На площадке имелись все спортивные снаряды: шведская лесенка, бревно,
шест, турник и волейбольная сетка. Шест был не из металлической трубы,
а из деревянной жерди, отполированной до зеркального блеска. Поэтому
на площадке кипела жизнь осенью и весной, пока было тепло, и не шли
дожди. Одни  висели вниз головой на шведской лесенке, другие
балансировали на бревне, старшеклассники играли в волейбол.

В аллеях просто гуляли или играли в лапту. Девочки прыгали через
верёвочку, по начерченным классикам, били ручным мячом в стенку
школы и выделывали с ним всякие пируэты, чтобы поймать. Чушки
и биты для городков мальчишки выпиливали сами. Так же большой
популярностью пользовалась игра в чижа. Сейчас я правила не вспомню… 

                - 6 –
Теперь опять перенесёмся в школу. Напротив зала открывалась дверь
в комнату, которая раньше при барыне служила столовой, так как
в неё открывалась ещё одна дверь на кухню. Теперь она была наглухо
забита. На кухне сохранилась русская печь вместе с плитой. На плите
нам кипятили воду. Потом выварку для белья приносили в школу
и ставили на табурет возле лестницы на второй этаж. К баку с кипятком
тут же выстраивалась очередь. Ведь в каждом классе насчитывалось
по сорок учеников, и школа работала в две смены.
 Но напиться
никому не удавалось, все, едва прикоснувшись губами к жестяной кружке
выплёскивали кипяток в стоявшее на полу ведро. Бдительные врачи
по инструкции запрещали детям пить сырую воду, но почему её не кипятили
с вечера, а только утром – этого я не знаю. Кто – нибудь мог бы и обвариться
кипятком. В кухню с улицы вела отдельная дверь и шла лестница      
на второй этаж. Там находилось две смежных комнаты, в которых жили учителя, а при барыне – прислуга. В самой кухне обитали две технички,
одна со своей младшей сестрой, а другая с маленькой дочкой. Они
топили печи, мыли полы и…кипятили для нас воду.

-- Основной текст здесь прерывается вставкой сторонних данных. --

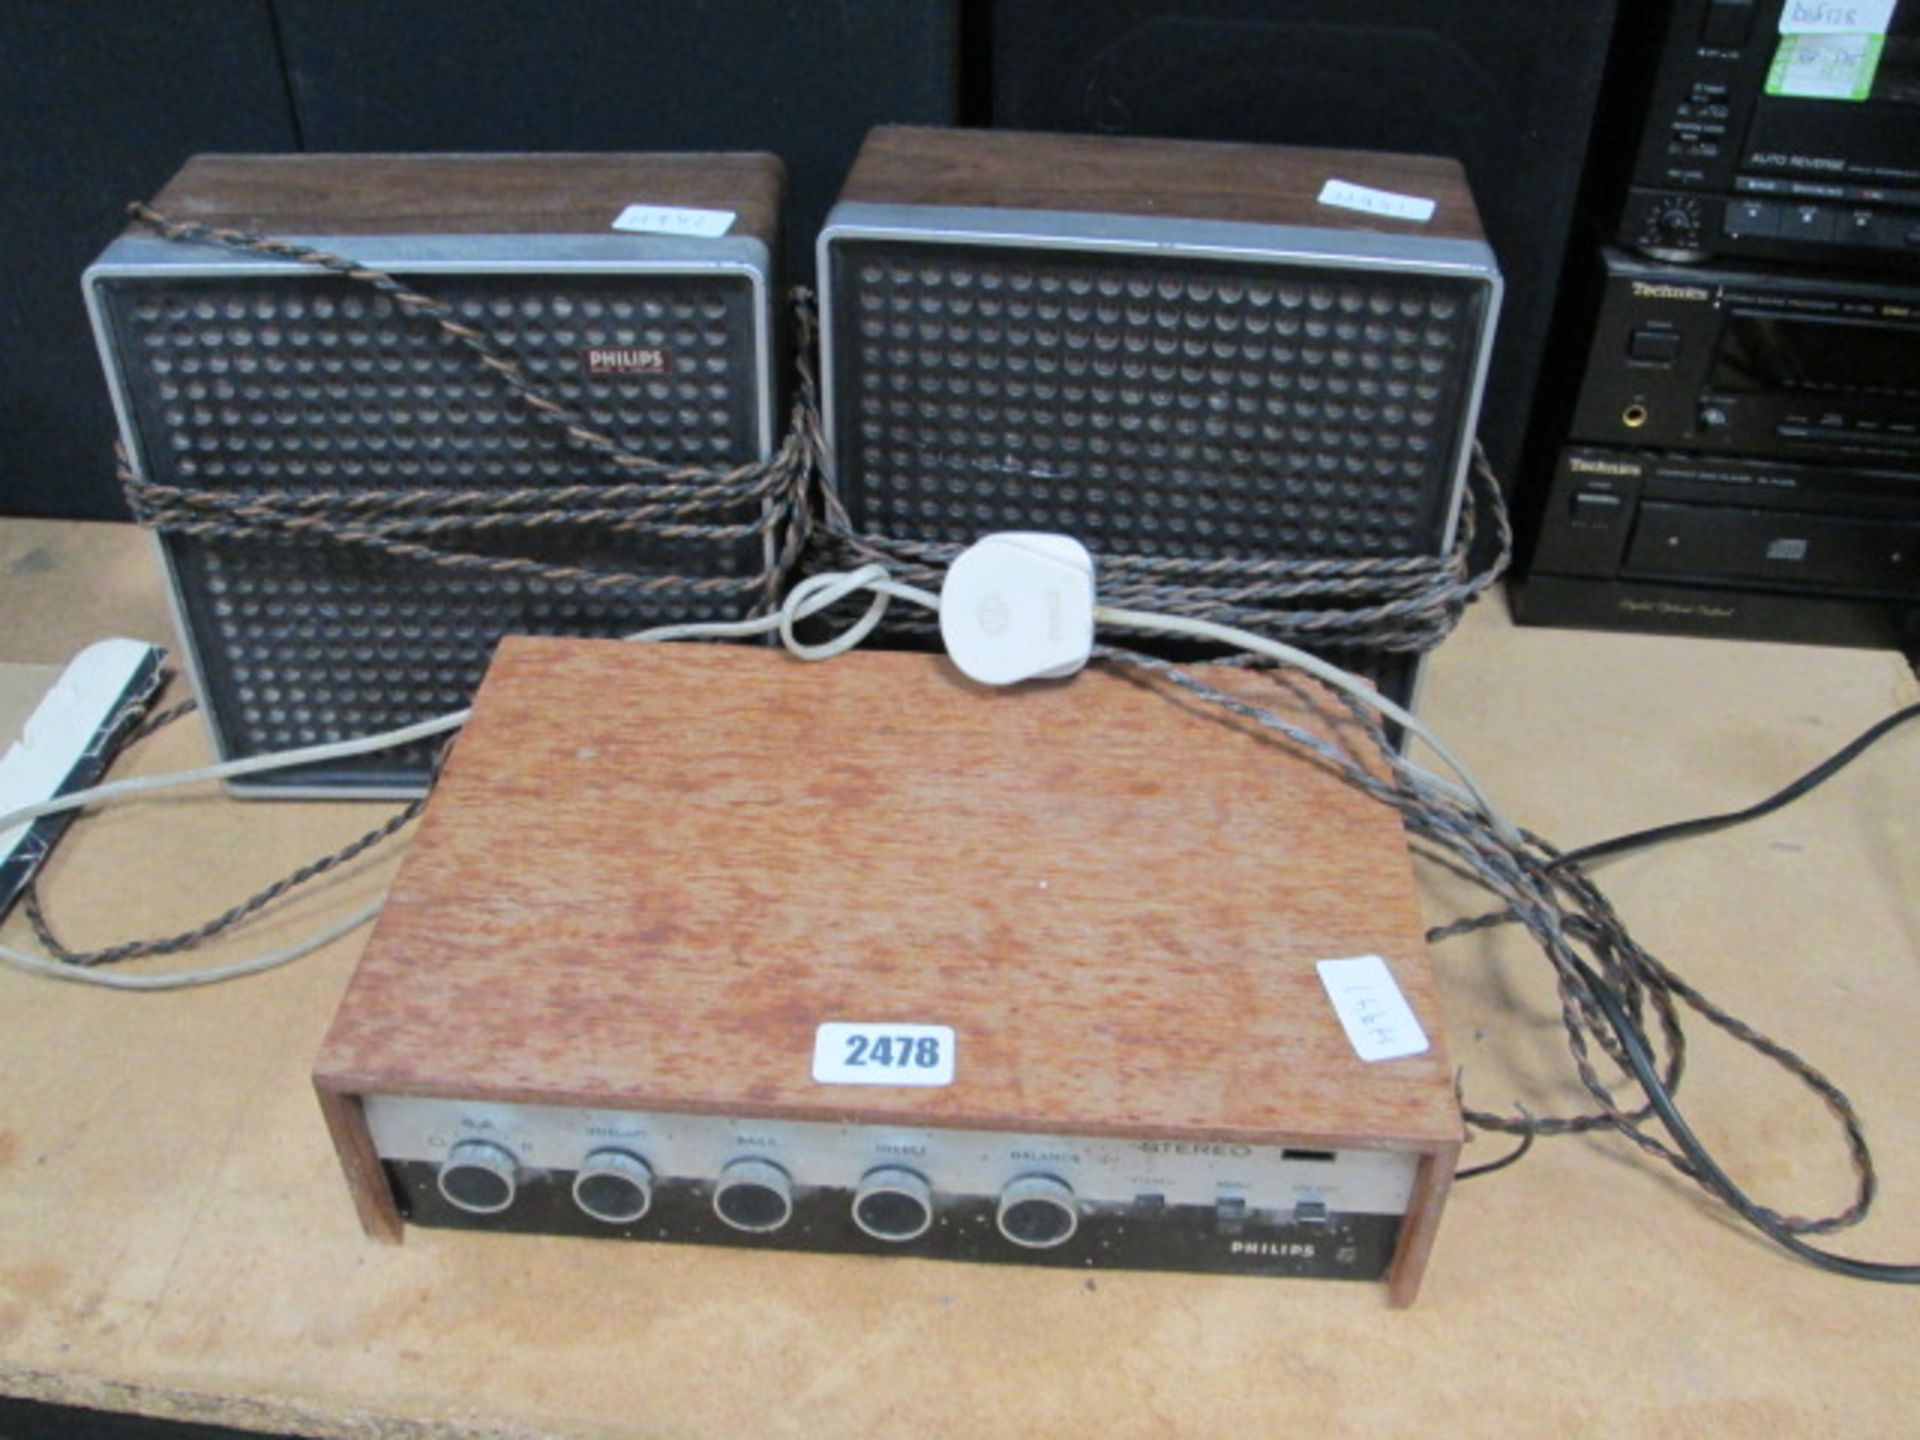 Philips stereo receiver unit with speakers

         Другая, почти квадратная комната на первом этаже, очевидно,
была гостиной. В  углу на потолке виднелся заделанный круг
диаметром более метра. Нам рассказывала учительница, что там раньше
проходила винтовая лестница, которая вела в барские покои на второй
этаж. Они состояли из двух смежных комнат. Первая комната, очевидно,
была туалетной, а вторая – спальней. В спальне тоже жила учительница
со своею матерью, а в проходной находился класс. Постепенно учителей
переселили на частные квартиры, так как число учеников возрастало, и классов не хватало.
 Всего насчитывалось четырнадцать комнат, по семь
на каждом этаже. Наш класс на втором этаже, наверно, при барыне
служил гардеробной, он был узкий и длинный с одним окном. В нём
было темно, как в гробнице. Как выглядело убранство всех комнат
при барыне, можно только предполагать, судя по книгам и кино.
Одно ясно, чтобы жить в такой роскоши, нужно обездолить не одну
тысячу людей. Честным трудом  богатства не нажить, эта истина всем
известна. После революции в имение привезли гроб, якобы с телом
барыни, но местные крестьяне говорили, что он был пустым, а барыня
эмигрировала в Польшу. После войны сгорел детдом, бывшая начальная
школа, построенная барыней, и барский дом, наша семилетка тоже
сгорела. Осталось только одно зернохранилище, которое стоит и до сих пор.

          Я окончила седьмой класс с единственной четвёркой по физкультуре.
По остальным предметам стояли тройки. Читая характеристики с первого
по седьмой класс, я понимала, как катилась по наклонной плоскости вниз.
Единственной положительной чертой было то, что «…она много читает».
Ещё один шаг, и можно загреметь в тюрьму. Но, к счастью, Бог миловал.